Interestingly enough, the real problem may not be with the huge toys themselves, but with the people who supervise them. Guidelines for carnival, fair and amusement parks rides are fairly strict, but bouncy houses are usually not included in this category. Many states lack regulations that monitor the training requirements for handlers and operators. This is, I think, because such laws are created at the state level and many legislators are not yet aware of the real problems posed. Perhaps this incident, and the media attention it's garnering, will be the catalyst that inspires lawmakers to take a closer look at what can be done to ensure the safety of our children.

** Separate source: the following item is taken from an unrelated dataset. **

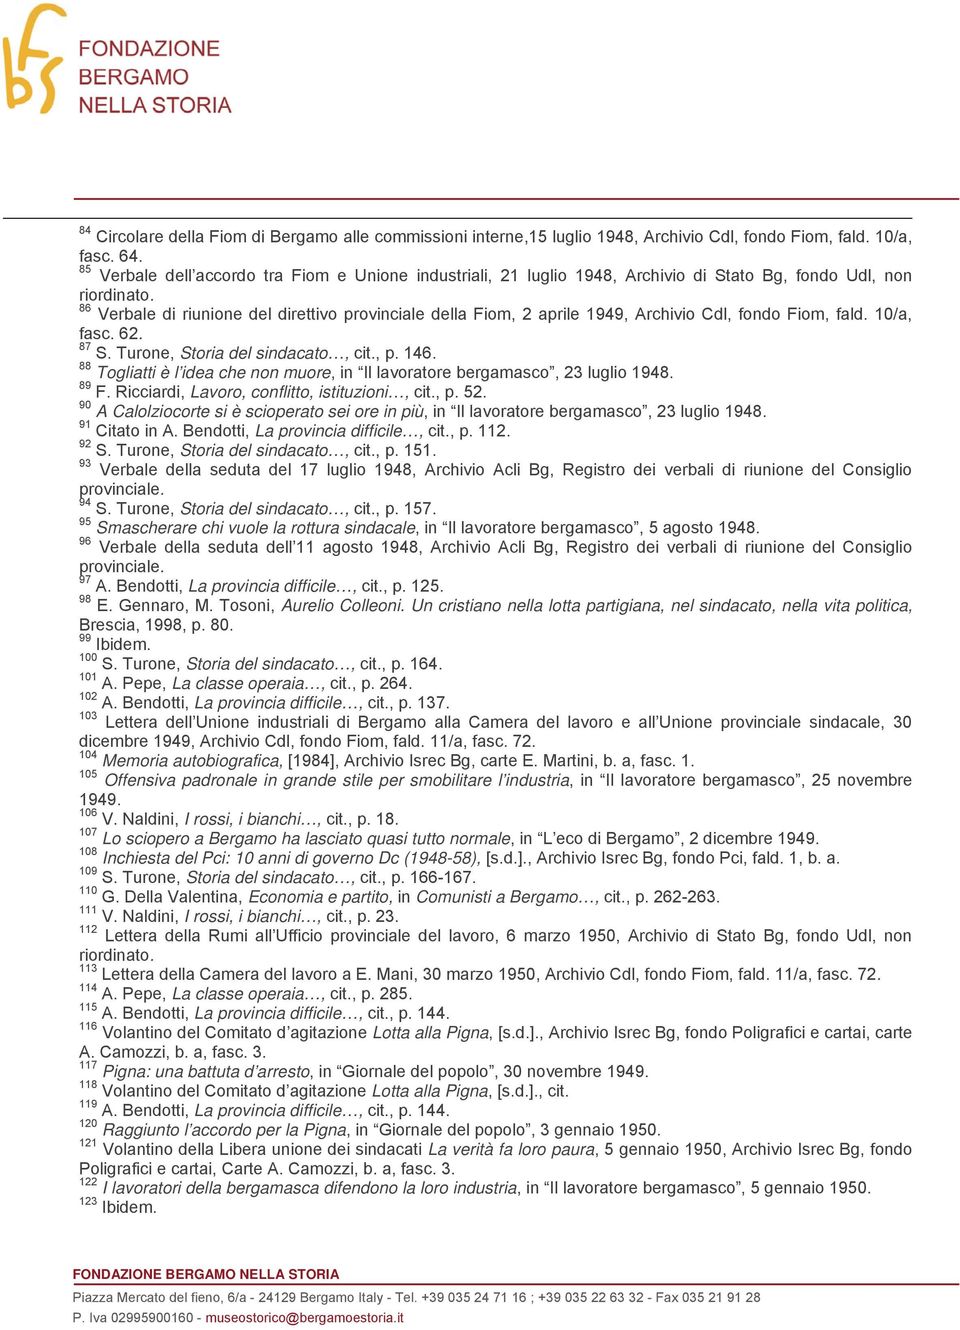 86 Verbale di riunione del direttivo provinciale della Fiom, 2 aprile 1949, Archivio Cdl, fondo Fiom, fald. 10/a, fasc. 62. 87 S. Turone, Storia del sindacato, cit., p. 146.

I think there are several things that can be done statutorily and with regulations to improve safety in this area. First, states need to pass a law that requires operators and installers of inflatables to become licensed. In order to become licensed, a person installing these devices would need to undergo a safety instruction course that explains their proper installation from an independent third party. Second, states need to pass regulations that address the manner in which inflatables are anchored. The problems often arise due to the failure of the installer to properly secure the inflatable to the ground. Third, a review does need to occur with respect to the design of these devices. The amount of anchorage needs to be tied to the weight of the inflatable. In the end, whether it's the children inside or the innocent bystander, persons will be injured if the states fail to take action to make sure inflatables are safe.